In numerical computations, a truncation of N-term interpolation function \(I_Nu\) are used to approximate the function u(x) using the basis \(\lbrace \rho _k(x) \rbrace _{-N/2}^{N/2-1}\) to interpolate from the node values at \(u(x_{-N/2}),\cdots u(x_{N/2-1})\), i.e.,

$$\begin{aligned} u(x,t)\approx I_Nu:= \hat{\textbf{u}}^T \vec {\rho }:=\sum _{k=-N/2}^{N/2-1} \hat{u}_k(t)\rho _k(x), \end{aligned}$$

where \(\hat{\textbf{u}}=(\hat{u}_{-N/2},\hat{u}_{-N/2+1}, \cdots , \hat{u}_{N/2-1})^T\) is the vector of the truncated coefficients, and \(\vec {\rho }=(\rho _{-N/2}(x), \cdots , \rho _{N/2-1}(x))^T\) is the vector function of \(\rho _k(x)\). This leads to the sparse matrix forms

$$\begin{aligned} u_x \approx [ \mathbf {S_1} \hat{\textbf{u}}]^T \vec {\rho }, \quad u_{xx} \approx [\mathbf {S_2} \hat{\textbf{u}}]^T \vec {\rho }, \quad \mathcal {H}u \approx [\textbf{H}\hat{\textbf{u}}]^T \vec {\rho }, \end{aligned}$$
(2.6)

where \(\mathbf {S_{1}}\) and \(\mathbf {S_{2}}\) are given in (2.4) and (2.5) via the coefficients of \(\lbrace \hat{u}_k \rbrace \), and

$$\begin{aligned} \textbf{H}=-i \textrm{diag}(\textrm{sgn}(-N/2+0.5), \cdots , \textrm{sgn}(N/2-0.5)) \end{aligned}$$

is the diagonal matrix representing the approximation of the Hilbert transform in (2.3).

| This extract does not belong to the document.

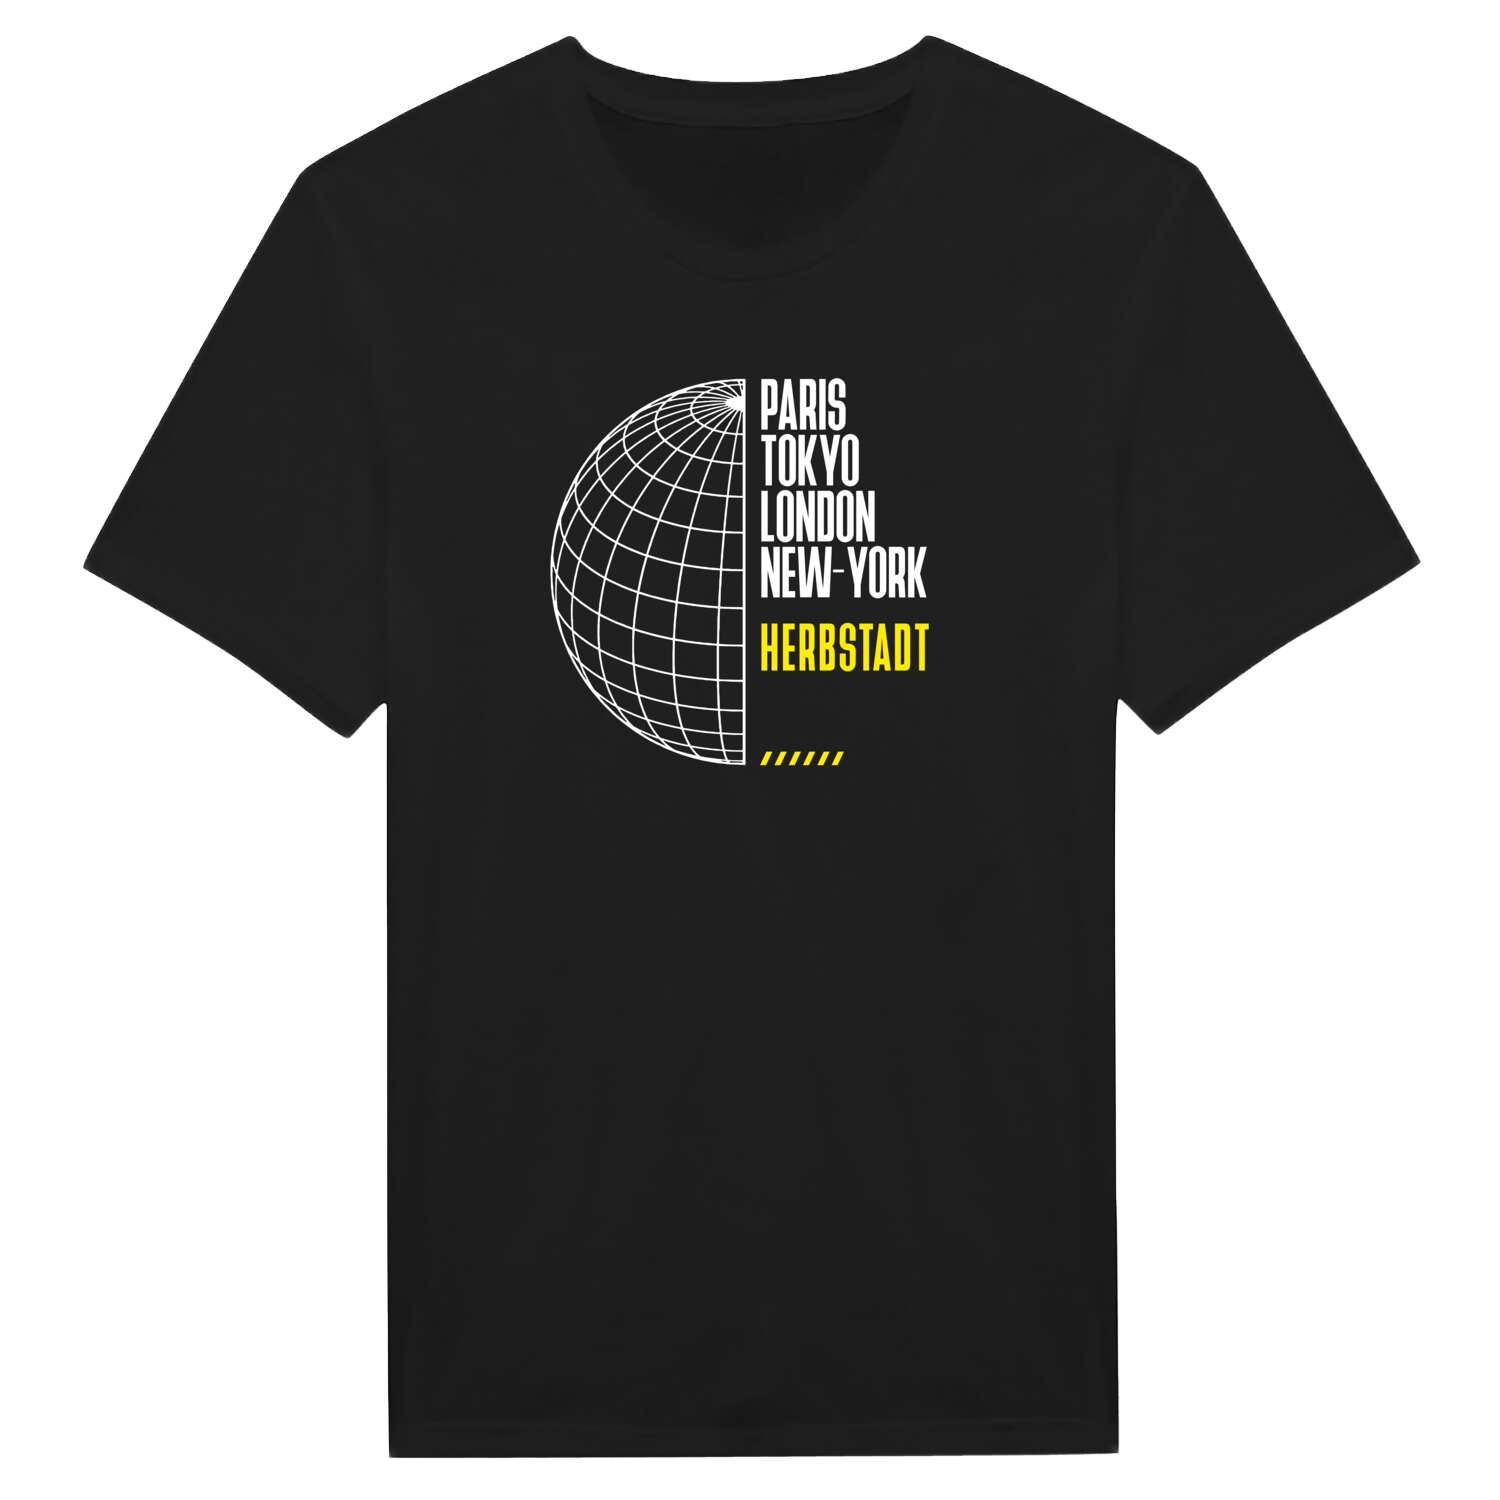 Herbstadt T-Shirt »Paris Tokyo London«

From (2.4) to (2.6), it is easy to see that the matrices \(\mathbf {S_1}\) and \(\textbf{H}\) are anti-Hermitian, and the matrix \(\mathbf {S_2}\) is real and symmetric. The anti-Hermitian and Hermitian properties for \(\mathbf {S_1}\) and \(\mathbf {S_2}\) are crucial in constructing the conservative schemes.

Now, consider the change of variable

$$\begin{aligned} x=\alpha \tan \frac{\theta }{2}, \quad \textrm{or} \,\, \textrm{equivalently}, \quad e^{i\theta }=\frac{\alpha +ix}{\alpha -ix}, \quad -\pi \le \theta \le \pi , \end{aligned}$$

and a spatial discretization \(x_j=\alpha \tan \frac{\theta _j}{2}, \theta _j=jh, h=2\pi /N, j=-N/2, \cdots , N/2-1\), where the \(\alpha \) is the mapping parameter indicating that N/2 collocation points are located in the interval \([-\alpha , \alpha ]\). Notice that

$$\begin{aligned} u(x_j)=\sum _{k=-N/2}^{N/2-1}\hat{u}_k \rho _k(x_j) \,\, \Rightarrow \,\, u(x_j)(\alpha -ix_j)=\sum _{k=-N/2}^{N/2-1}\hat{u}_k e^{ik\theta _j}, \end{aligned}$$
(2.7)

hence, the Fast Fourier transform (FFT) can be applied to obtain the coefficients \(\hat{u}_k\). We note that the above discretization in space is not uniform in x, but uniform in \(\theta \), and the singularity at \(x_{-N/2}=-\infty \) can be removed by imposing the boundary condition \(u(-\infty )=0\), i.e., setting \(u_{-N/2}=0\).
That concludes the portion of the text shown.